**Task goal**
An exact repetition of the data is required; no picture should appear in it.

Given information below:

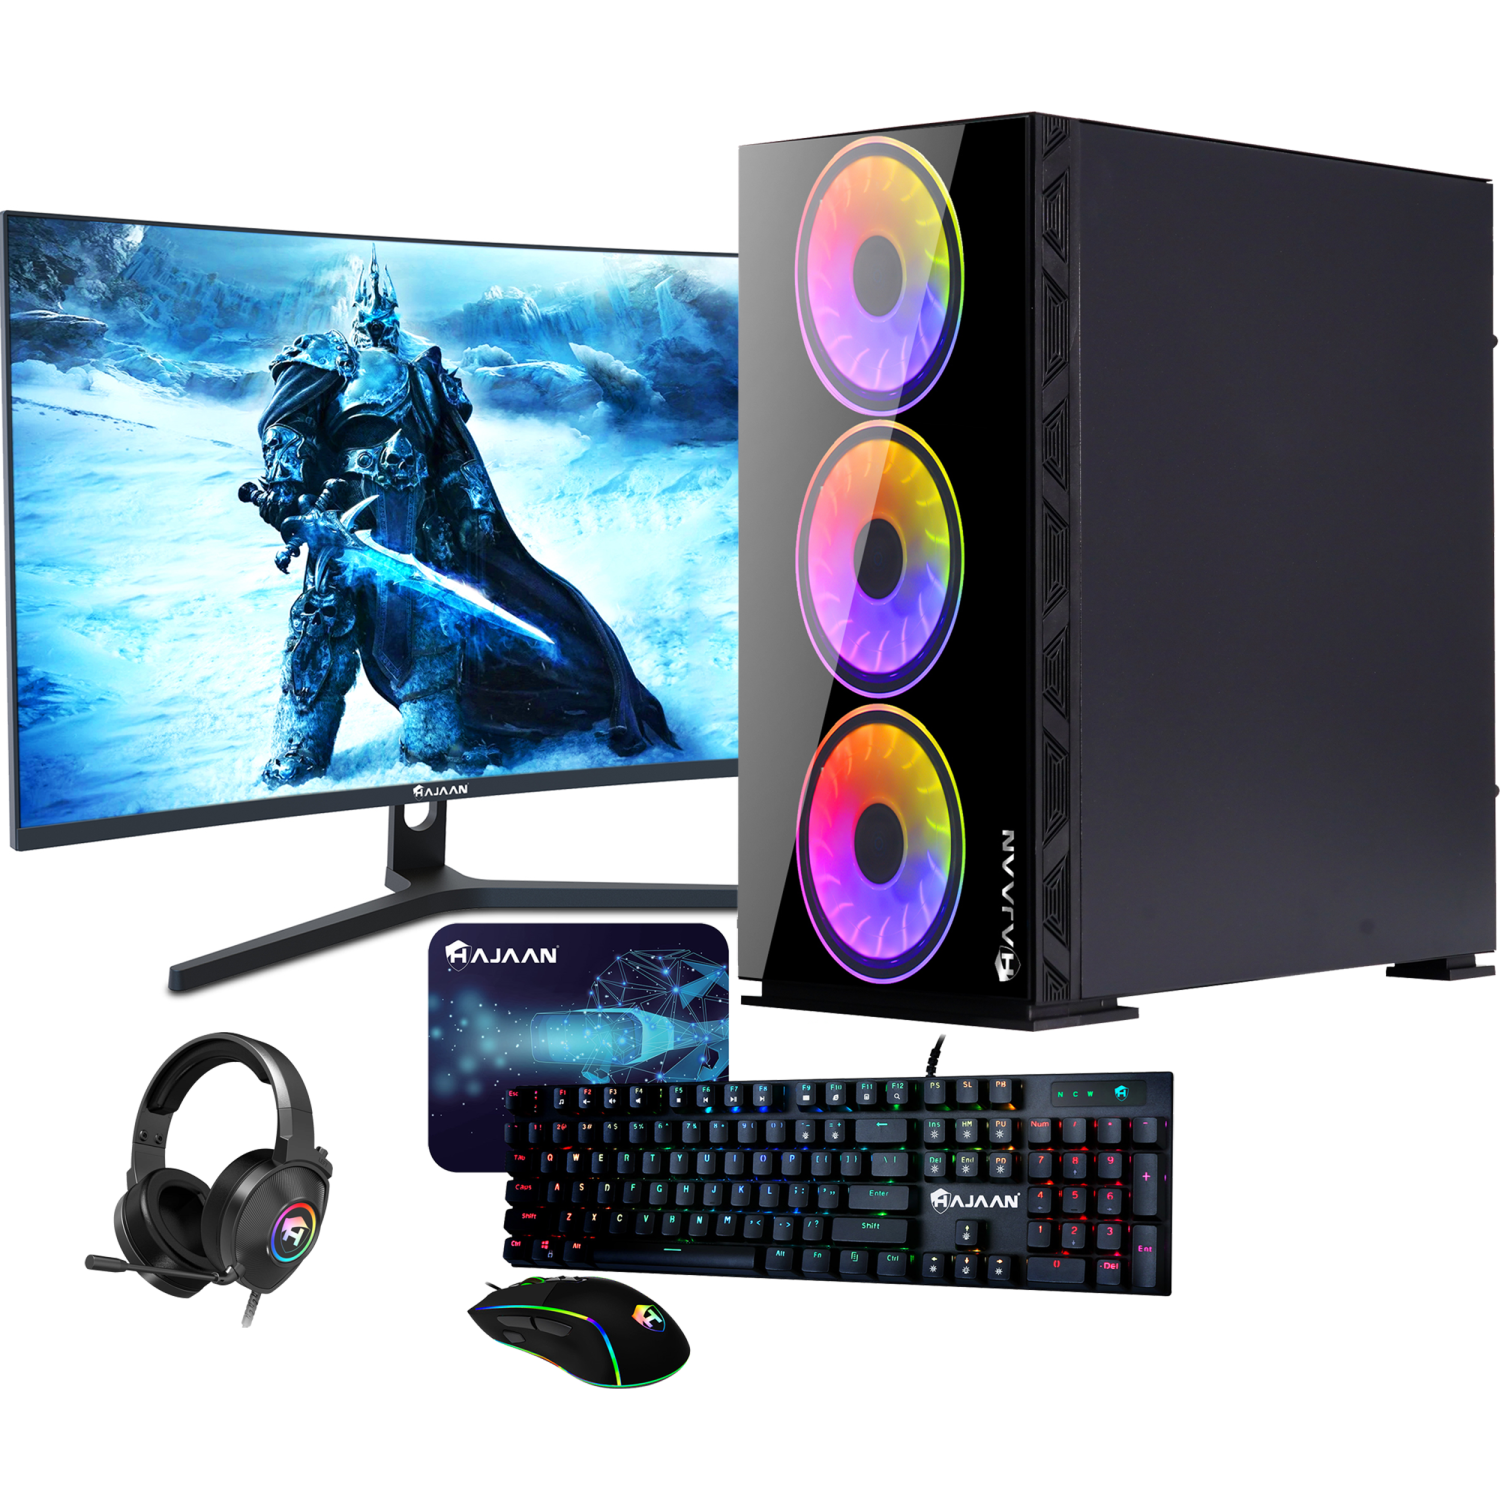 Refurbished (Excellent) Gaming PC Desktop Tower with 24″ Gaming Monitor, Intel Core i7 3.6GHz, GeForce GTX 1660 Super 6G GDDR6, 32GB RAM 1TB SSD, RGB Keyboard Mouse, ACWiFi, W10P64
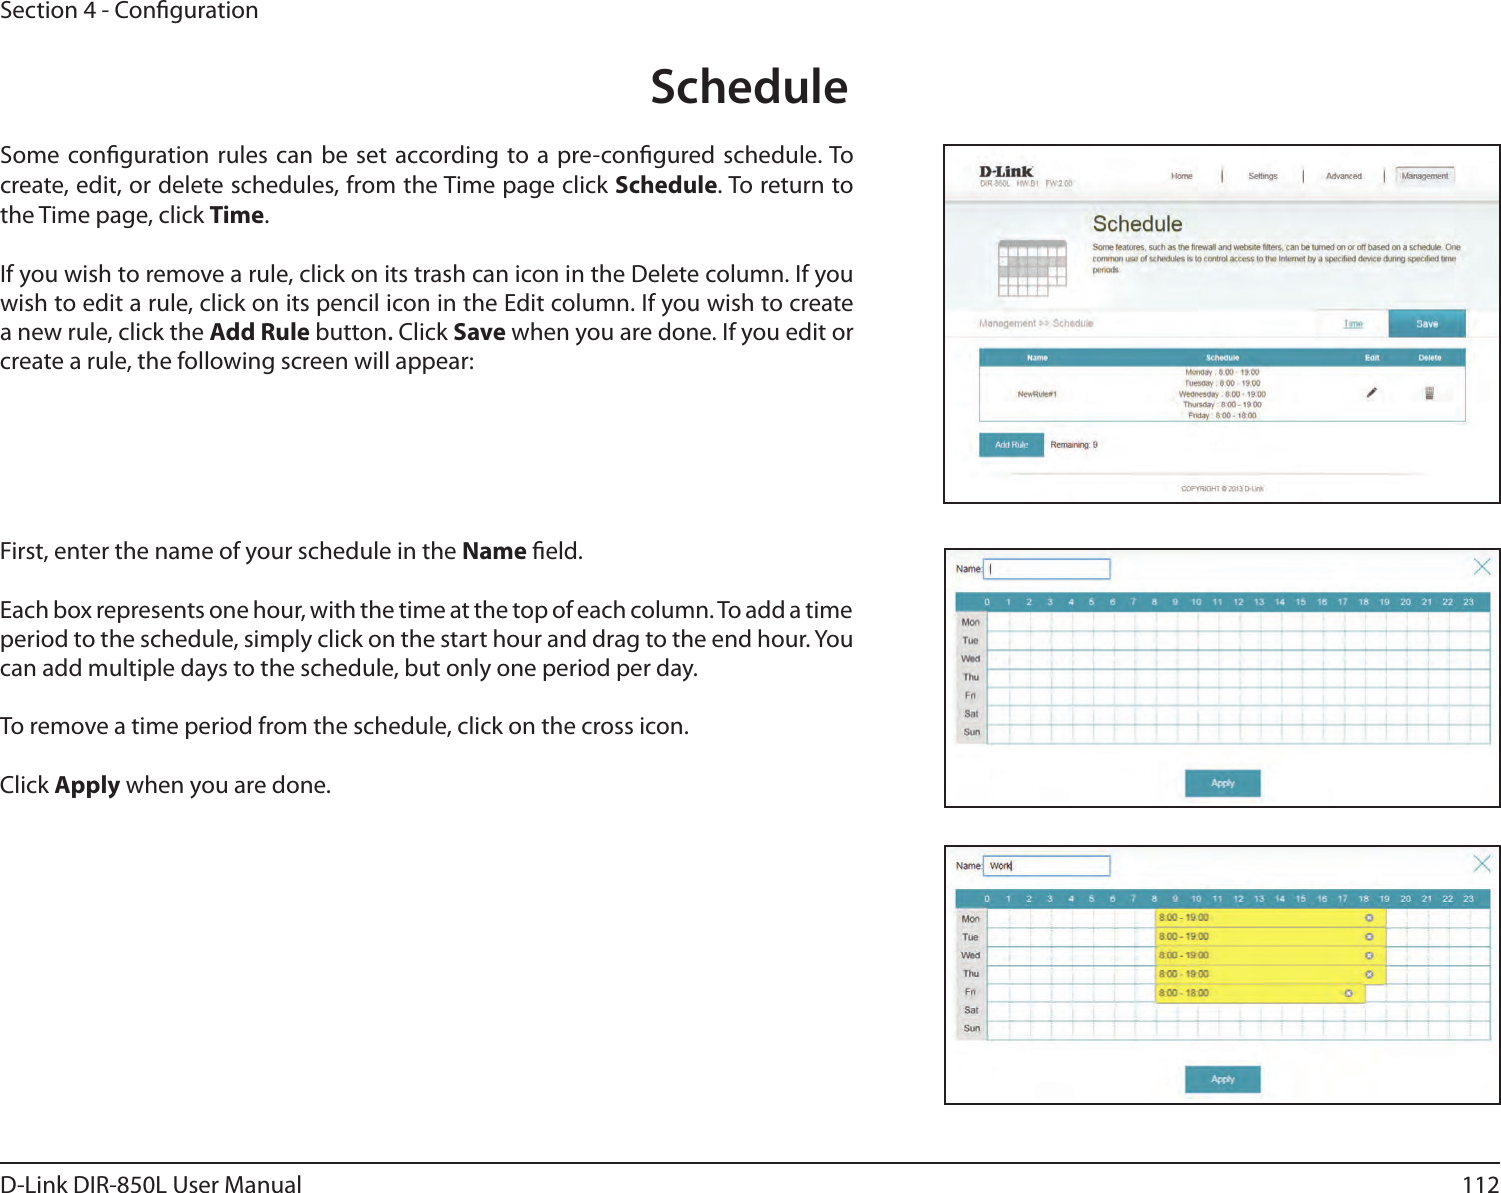 112D-Link DIR-850L User ManualSection 4 - CongurationScheduleSome conguration rules can be set according to a pre-congured schedule. To create, edit, or delete schedules, from the Time page click Schedule. To return to the Time page, click Time. If you wish to remove a rule, click on its trash can icon in the Delete column. If you wish to edit a rule, click on its pencil icon in the Edit column. If you wish to create a new rule, click the Add Rule button. Click Save when you are done. If you edit or create a rule, the following screen will appear:First, enter the name of your schedule in the Name eld.Each box represents one hour, with the time at the top of each column. To add a time period to the schedule, simply click on the start hour and drag to the end hour. You can add multiple days to the schedule, but only one period per day.To remove a time period from the schedule, click on the cross icon.Click Apply when you are done.
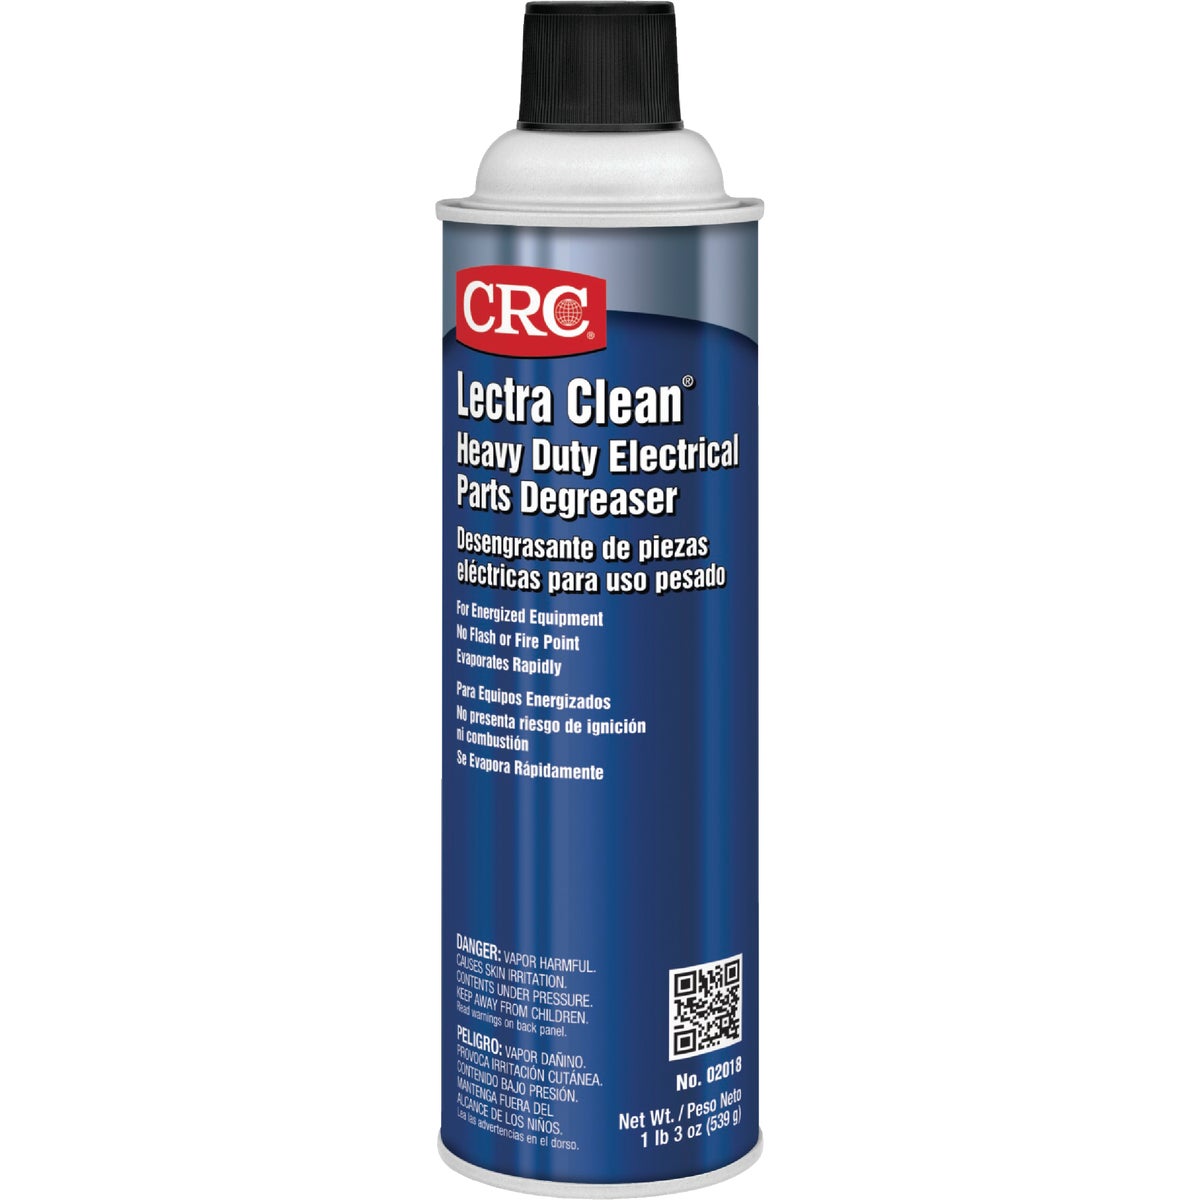 Item 588717, Lectra Clean is extremely effective for cleaning and degreasing dirty, 
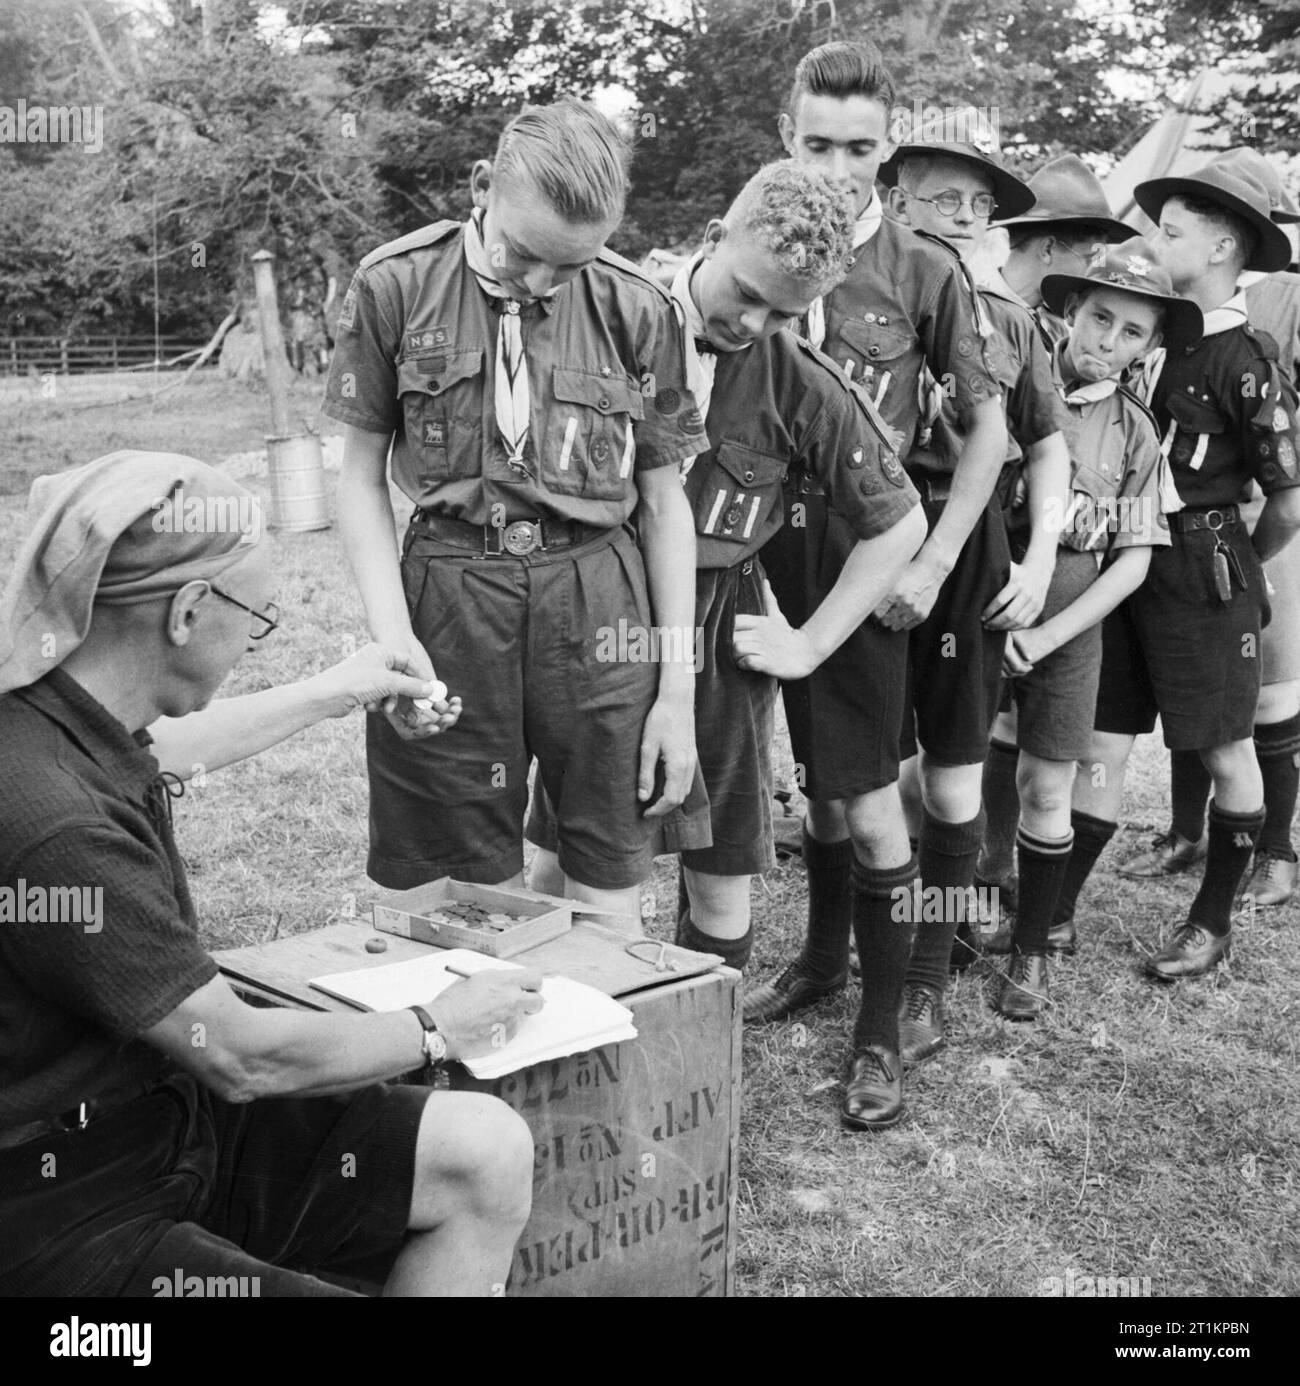 Pay Day for Boy Scouts at a fruit-picking camp near Cambridge in 1943. Saturday is Pay Day at the fruit-picking camp. Boy Scouts queue up in a pay parade to collect their pocket money from the Scout master. Over 14s get half a crown, whilst under 14s receive a shilling. Stock Photo

End of Given information.

**Answer for this exercise**
 Refurbished (Excellent) Gaming PC Desktop Tower with 24″ Gaming Monitor, Intel Core i7 3.6GHz, GeForce GTX 1660 Super 6G GDDR6, 32GB RAM 1TB SSD, RGB Keyboard Mouse, ACWiFi, W10P64
 112D-Link DIR-850L User ManualSection 4 - CongurationScheduleSome conguration rules can be set according to a pre-congured schedule. To create, edit, or delete schedules, from the Time page click Schedule. To return to the Time page, click Time. If you wish to remove a rule, click on its trash can icon in the Delete column. If you wish to edit a rule, click on its pencil icon in the Edit column. If you wish to create a new rule, click the Add Rule button. Click Save when you are done. If you edit or create a rule, the following screen will appear:First, enter the name of your schedule in the Name eld.Each box represents one hour, with the time at the top of each column. To add a time period to the schedule, simply click on the start hour and drag to the end hour. You can add multiple days to the schedule, but only one period per day.To remove a time period from the schedule, click on the cross icon.Click Apply when you are done.
 Item 588717, Lectra Clean is extremely effective for cleaning and degreasing dirty, 
 Pay Day for Boy Scouts at a fruit-picking camp near Cambridge in 1943. Saturday is Pay Day at the fruit-picking camp. Boy Scouts queue up in a pay parade to collect their pocket money from the Scout master. Over 14s get half a crown, whilst under 14s receive a shilling. Stock Photo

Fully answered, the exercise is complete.